3.1. Methodology
i-PreventDiabetes was evaluated using a multi-method approach involving 50 participants with prediabetes aged between 19 and 75, between November 2017 and January 2018. The participants were recruited through advertisements shared on social media and posted on notice boards of selected healthcare institutions. They were selected randomly from the public, as they volunteered to participate in this study.
Table 4 illustrates a summary of the demographic profile of the study participants. In total, eight out of 50 participants reported using a self-care tool but did not specifically state what type of tool.
Participants were encouraged to use i-PreventDiabetes (which was made available over the Web) at their own pace for six weeks, depending on their requirements and availability. The primary tasks in the system (blood glucose, food, weight, stress, and physical activities) were logged in the system for analysis purpose. Participants were asked to complete questionnaires at the beginning of the study and at the end of the sixth week of the study.
Table 5 summarizes the scales used to evaluate i-PreventDiabetes, their purpose, and when they were administered in the study. The statistical package for the social sciences (SPSS) tool (version 25) was used for statistical analysis of the results obtained. At the end of the quantitative study, a short interview was conducted with a purposive sample of eight participants to obtain further insights into their experience with and views of i-PreventDiabetes. According to Six and Macefield, five to 10 participants are sufficient to determine most of the usability problems of a system [
30]. The eight interviewees comprised of four participants who used the system extensively and four others who made little use of the system.
Both the TTM and MHLC were administered twice, that is, at the beginning and at the end of the study.

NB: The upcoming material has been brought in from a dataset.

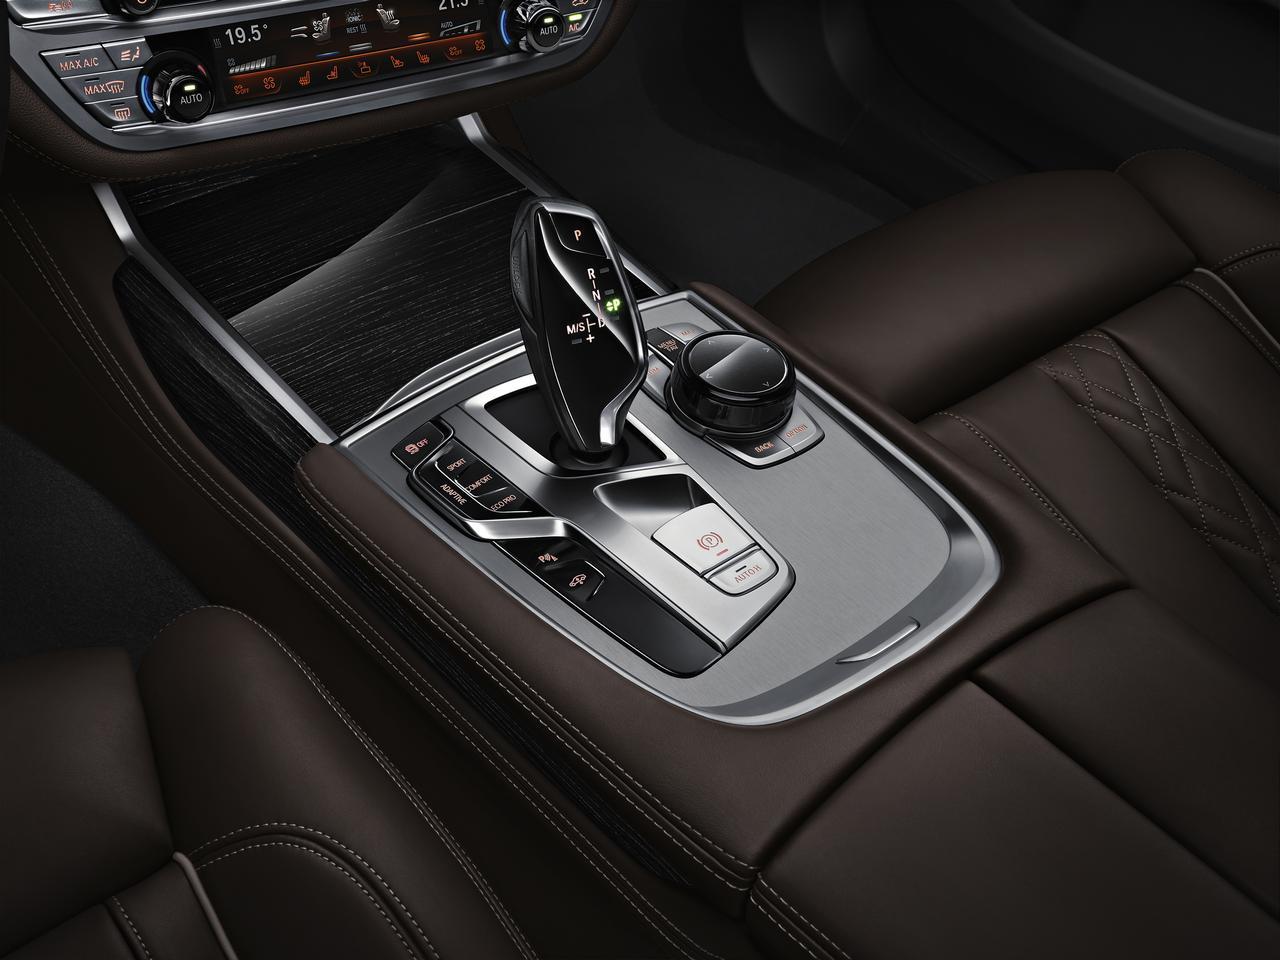 BMW-Serie-7-abitacolo-cockpit-prezzo-price-0-100_16
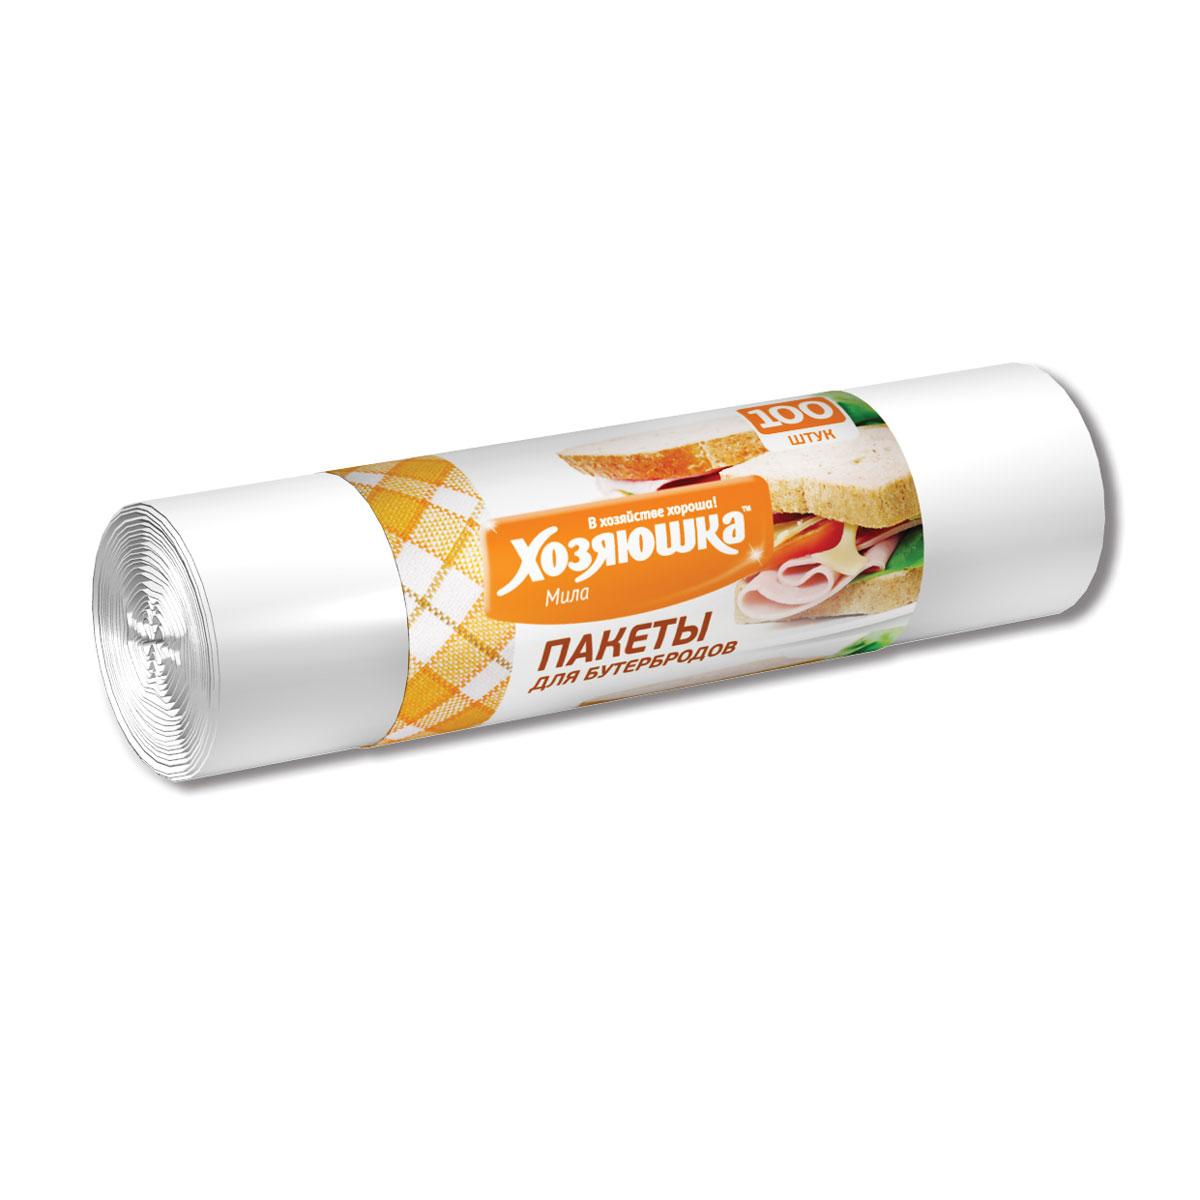 Пакеты для бутербродов Хозяюшка Мила, 17 х 28 см, 100 шт09013Пакеты для бутербродов Хозяюшка Мила являются предметами первой необходимости. В школу, на работу или в поездку брать с собой бутерброды будет гораздо удобнее в пакетах, которые позволят надежно сохранить свежесть продуктов. Фасовочные пакеты - это самый распространенный, удобный и практичный вид современной упаковки, предназначенный для хранения и транспортировки практически всех видов пищевых и непродовольственных товаров.Размер: 17 см х 28 см.

The TTM consisted of 24 statements with five response choices, ranging from strongly disagree (1) to strongly agree (5). Participants were expected to respond to the TTM statements to determine if there were any differences in their stage of behavior change toward T2D prevention before and after using the system for six weeks. At the end of the study, the TTM was administered again to see if there was any difference in their stage of behavior change toward diabetes prevention. The McNemar–Bowker test and the Wilcoxon signed-rank test were used to compare the participants’ initial stage and final stage. The statistical significance was set at p < 0.05. The MHLC consists of three subscales: internal health locus of control (IHLC), powerful others health locus of control (PHLC), and chance health locus of control (CHLC). There were 18 statements with six answer options ranging from strongly disagree (1) to strongly agree (6). The MHLC was administered pre- and post-study to note any difference in participants’ perception whether health is controlled by internal or external factors. The change scores for each MHLC subscale were then computed by subtracting the baseline and follow-up values.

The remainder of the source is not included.